Тем временем, сноха передала плачущего ребенка свекрови:
– На, матушка, покорми-ка его, а то мы его совсем затыркали. Он, бедненький, даже не знает, чего делать.
Дарья, нажевав черного хлеба, принялась кормить малыша. Взяв изо рта нажёванного хлеба на палец, совала с пальца в ротик ребенку.
Всю эту семейную забавную сценку выглядел в окошко с улицы Мишка Крестьянинов. Из озорного любопытства он везде сует свой пронюхивающий нос. И нос-то у него от природы приспособленный к такому делу, вздёрнутый вверх с открытыми ноздрями в виде свиного пятачка. Не нос, а куриный копчик. За это прозвище к нему с детства пристало – Мишка-пятак.
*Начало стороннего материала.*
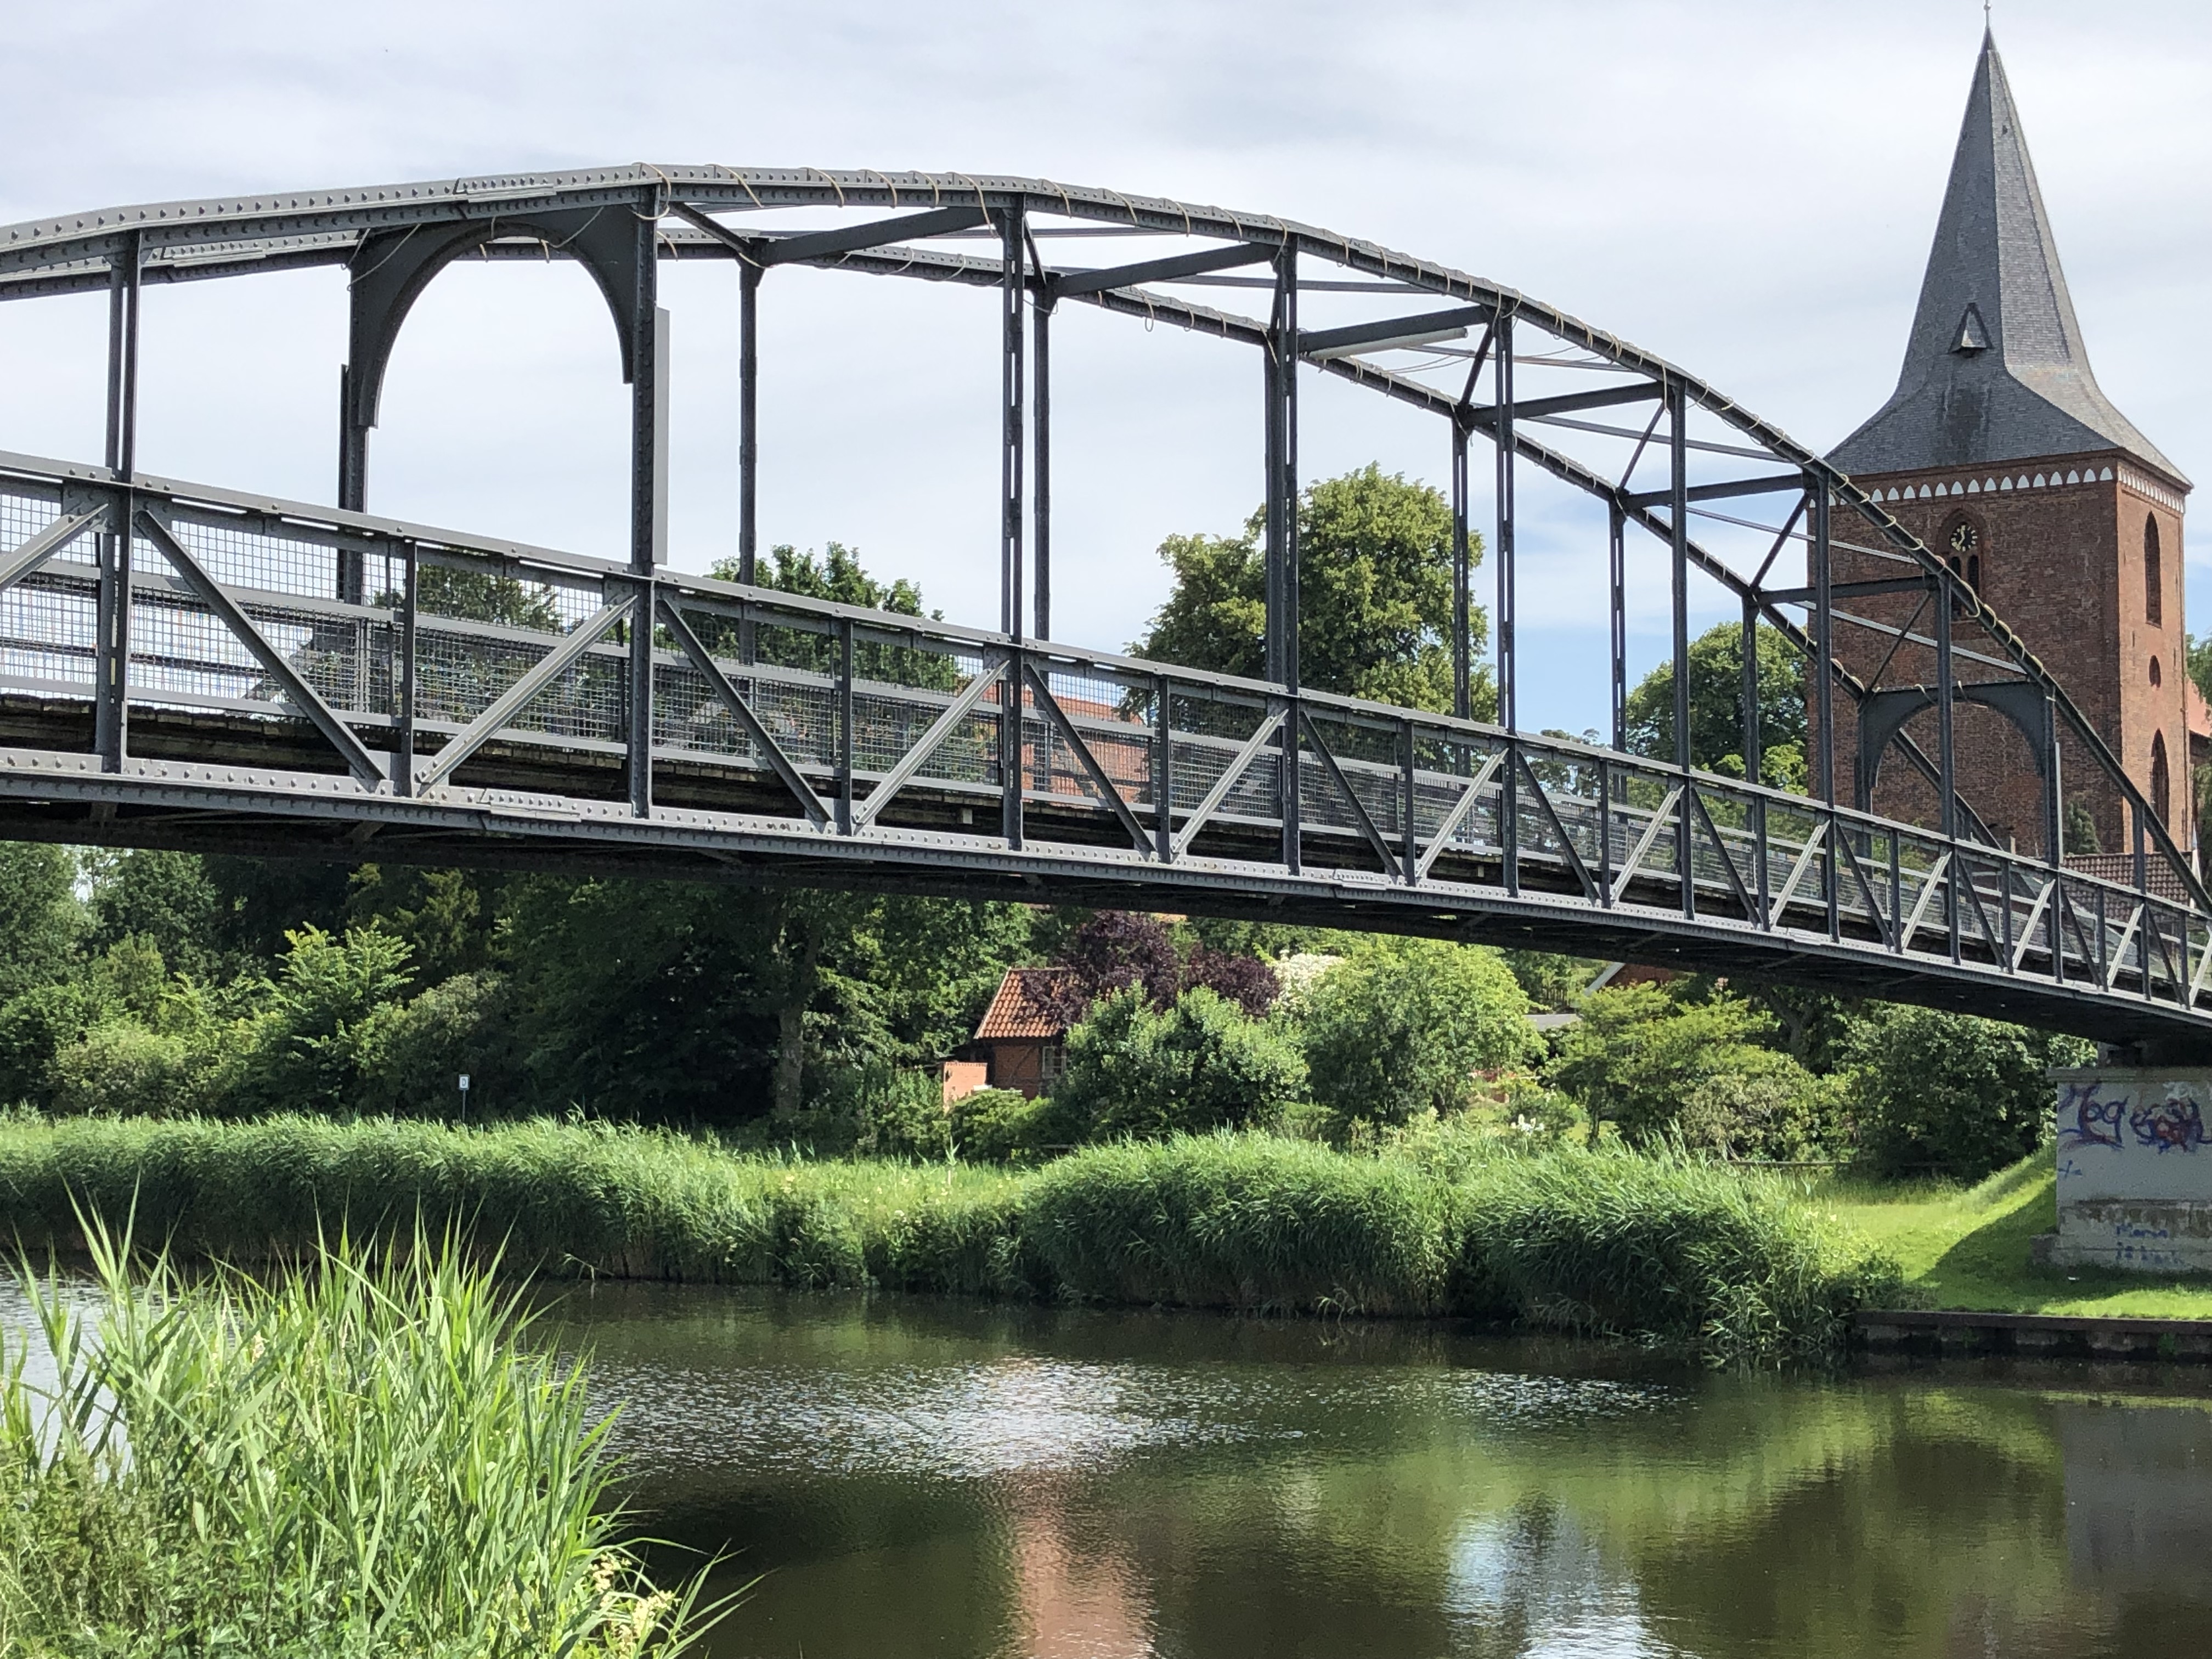 Kirchsteigbrücke In Berkenthin Jetzt Eingetragenes Kulturdenkmal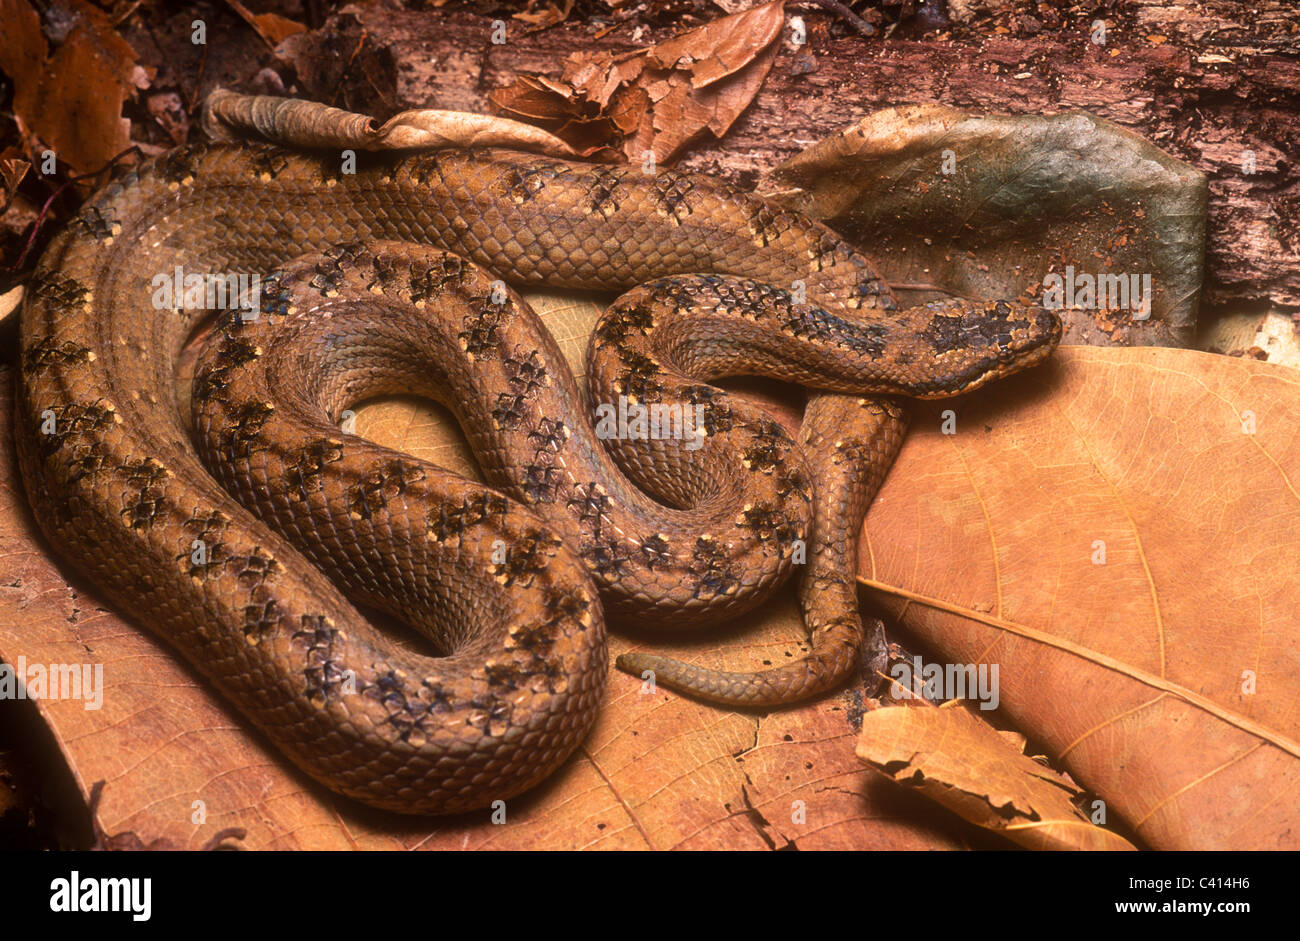 Cuban wood snake, Tropidophis melanurus, Cuba Stock Photo

Проходил Мишка случайно по улице, проверяя свое заборное рукописание. Давненько он бросил посещать школу, и чтобы не забыть грамматику, он почти регулярно упражнялся писаниной мелом вульгарных невежественных слов. Редкий забор и редкая стена избежали его «искусства» отборной похабщины, во многих местах облиняло красовалась на обветшалых заборах его писанина. Услышав детский вопль, он примкнул свой нос к замороженному окну Федотовой токарни, устремил свои пытливые, лубошные глаза в не промёрзший краешек стекла и терпеливо высматривал все подробности отбивания ребенка от груди, благо окошки были низко, тянуться на цыпочках ему не пришлось, он с большим наслаждением выглядел все.